Data below ->
____
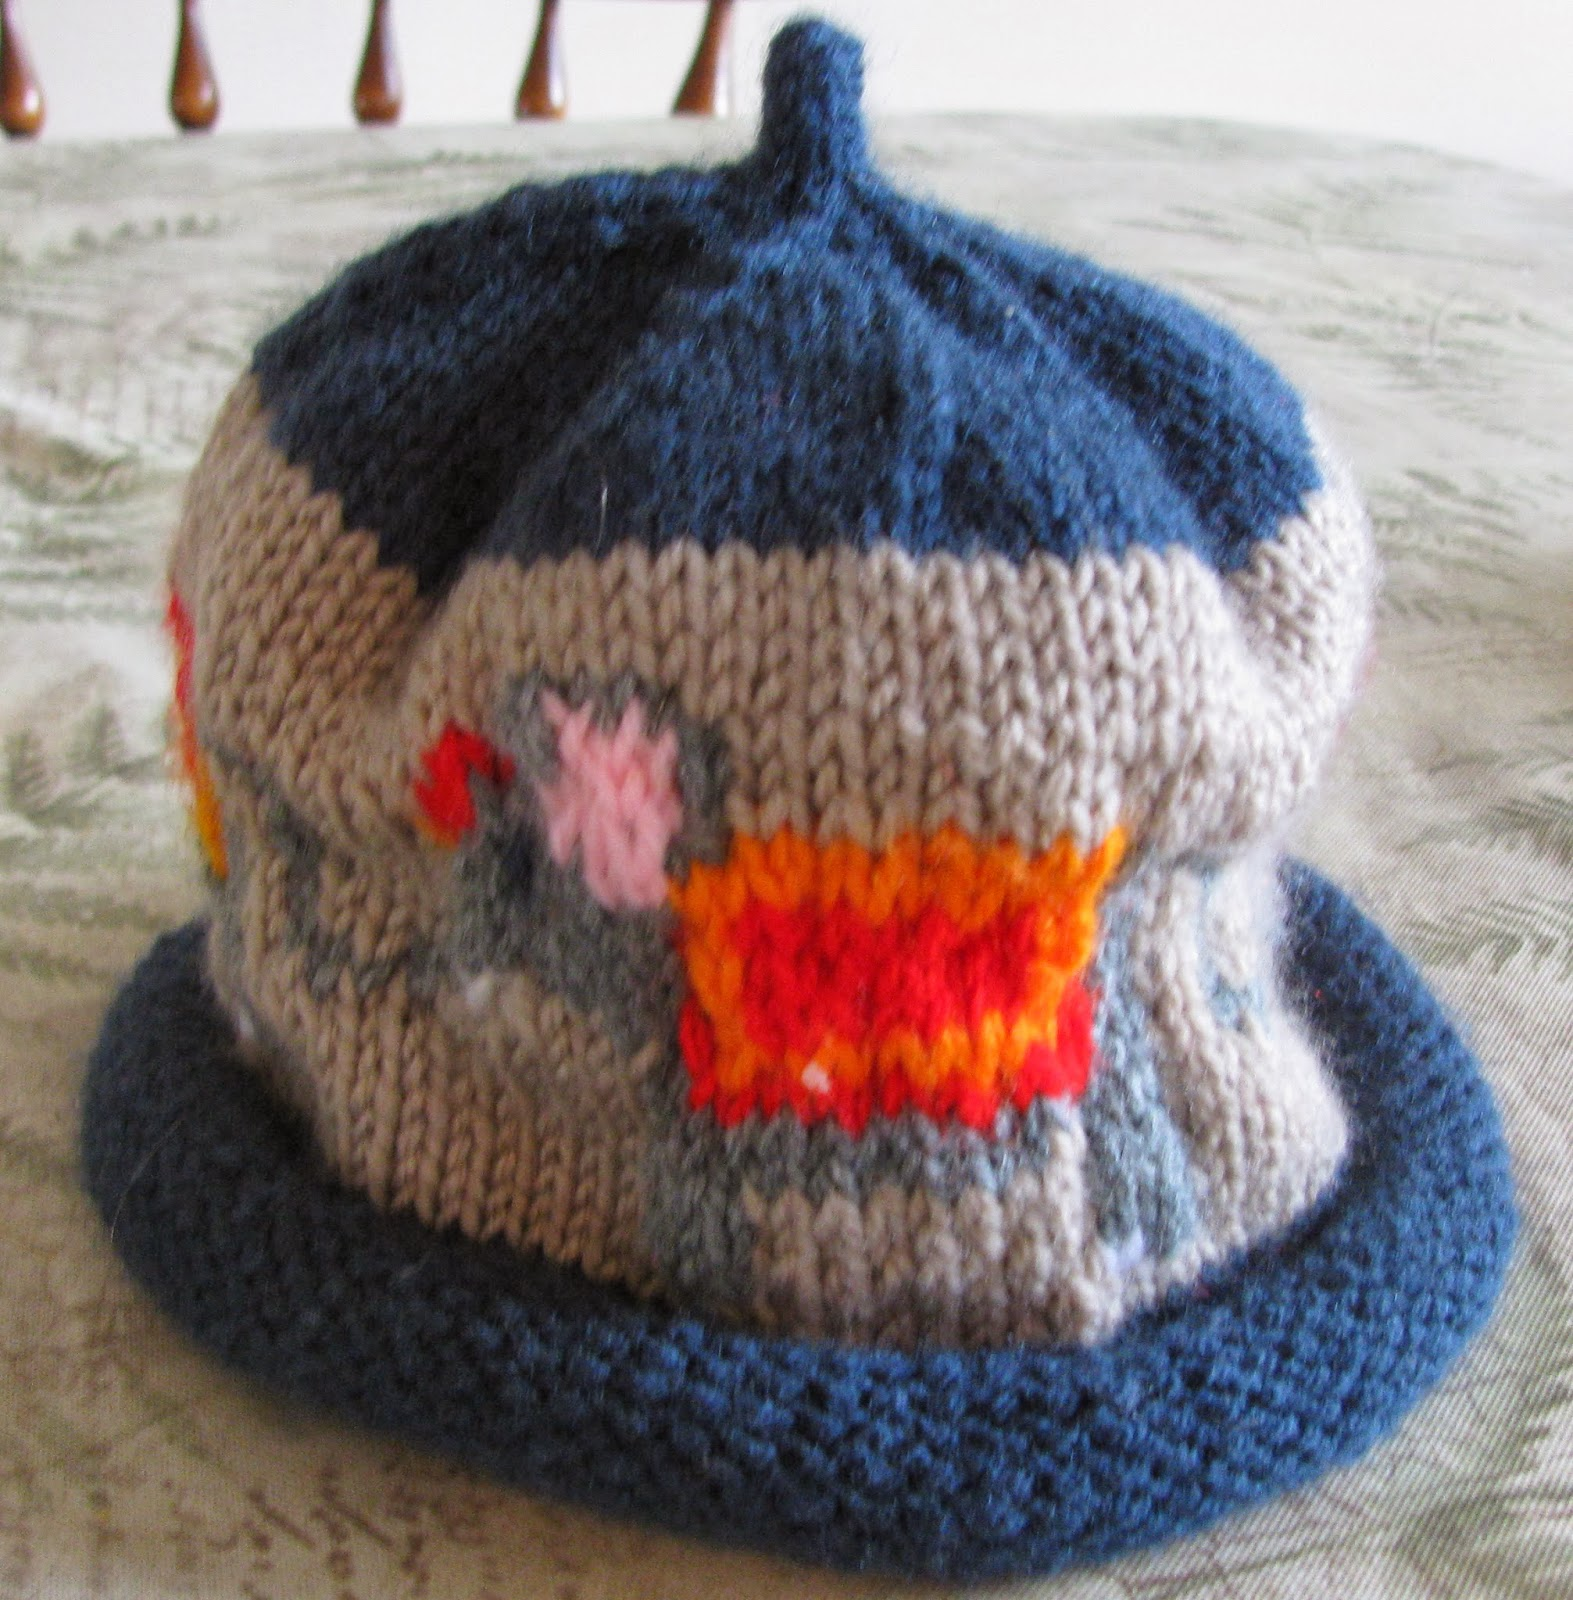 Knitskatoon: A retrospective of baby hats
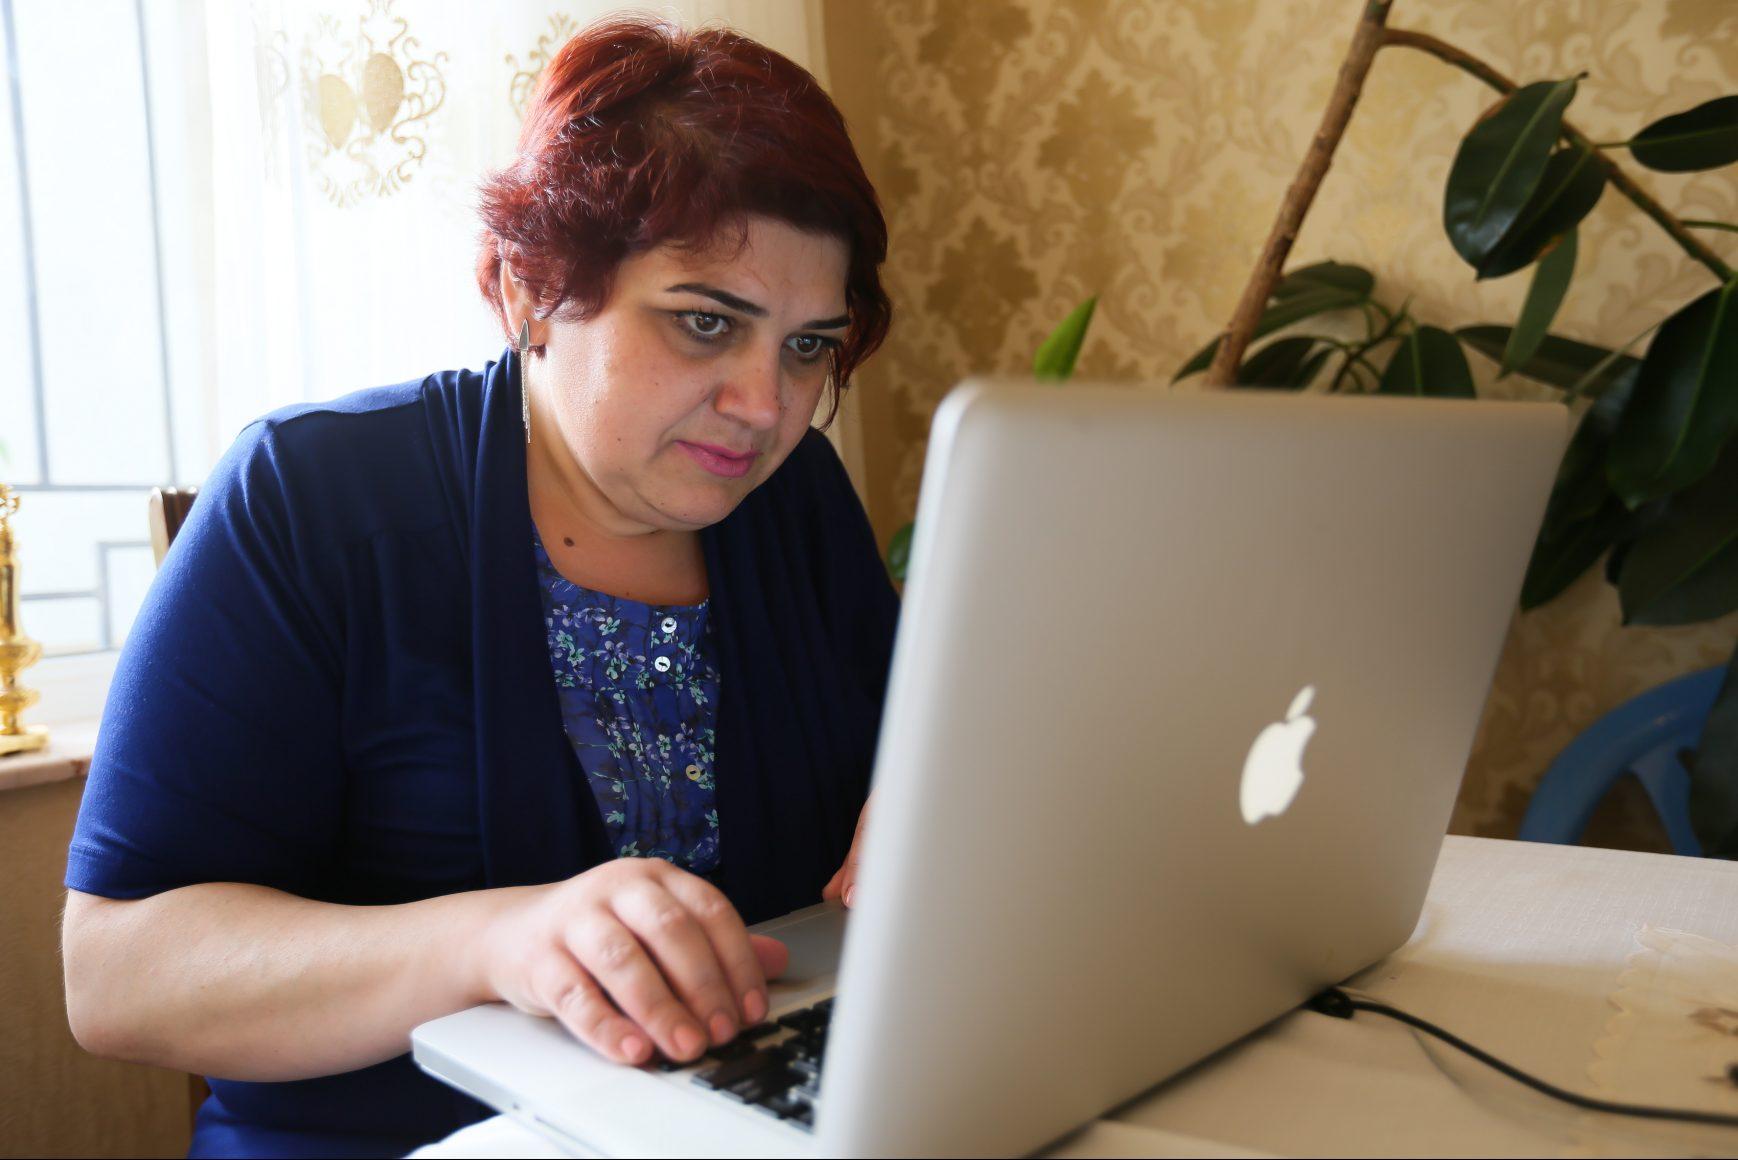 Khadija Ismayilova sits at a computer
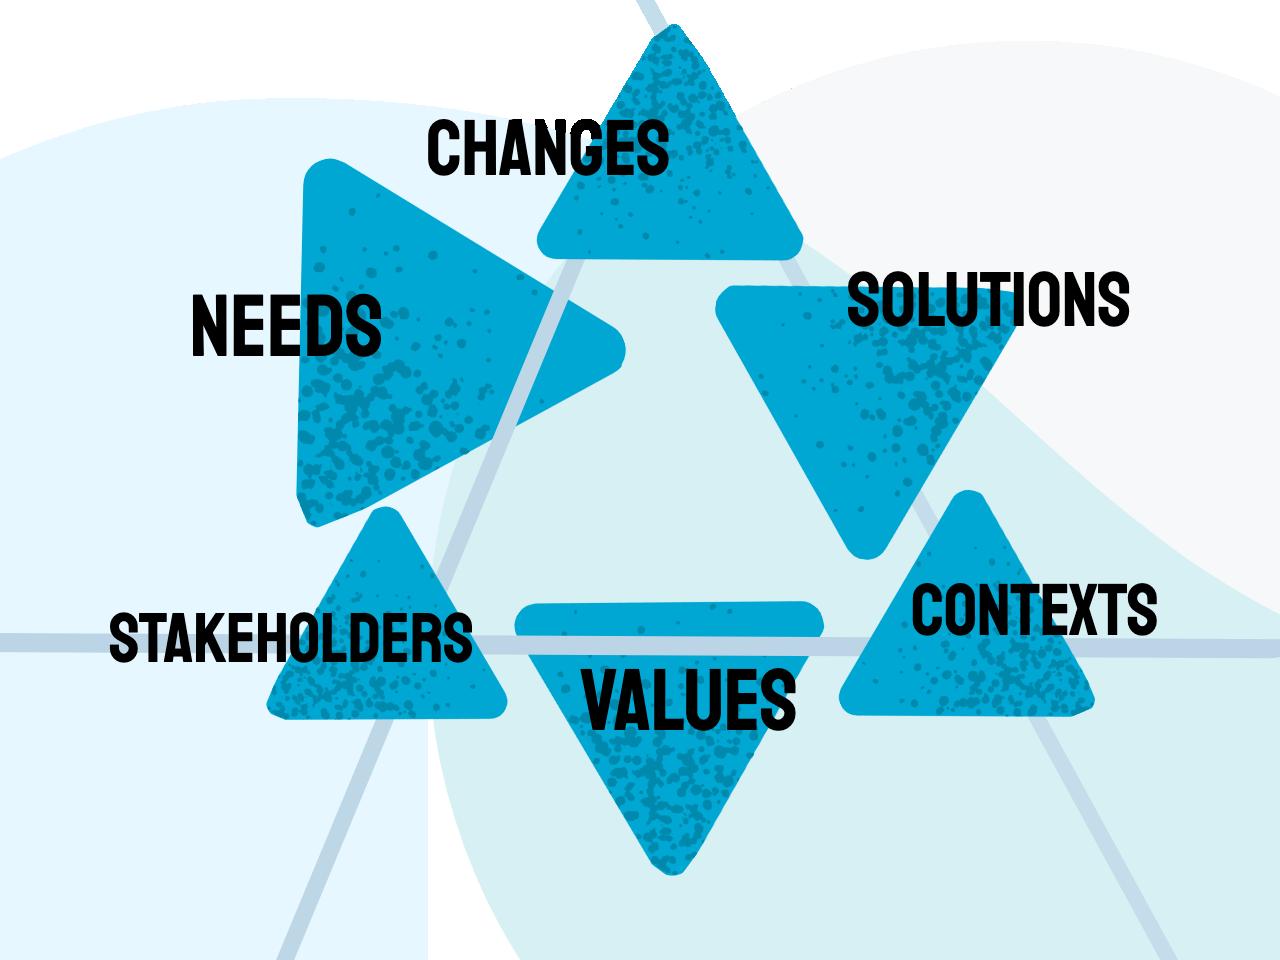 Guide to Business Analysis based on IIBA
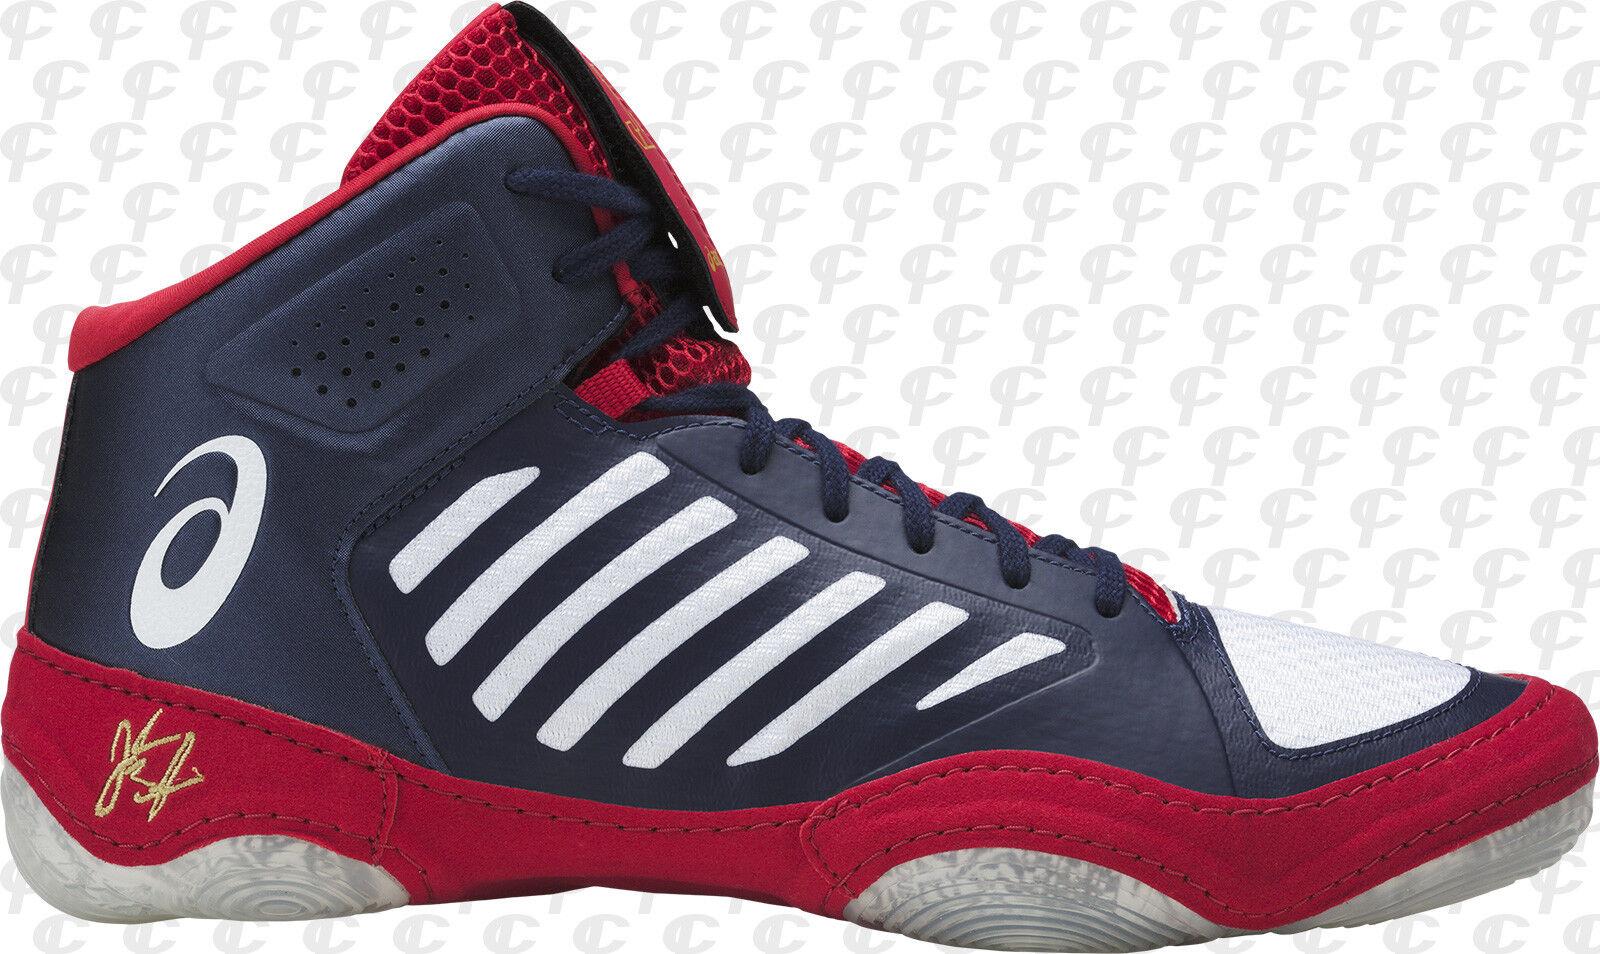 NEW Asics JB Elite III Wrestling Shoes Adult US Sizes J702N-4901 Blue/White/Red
____
Assignment -> Transcribe all the data word for word; the images stay out.

Result below ->
 Knitskatoon: A retrospective of baby hats
 Khadija Ismayilova sits at a computer
 Guide to Business Analysis based on IIBA
 NEW Asics JB Elite III Wrestling Shoes Adult US Sizes J702N-4901 Blue/White/Red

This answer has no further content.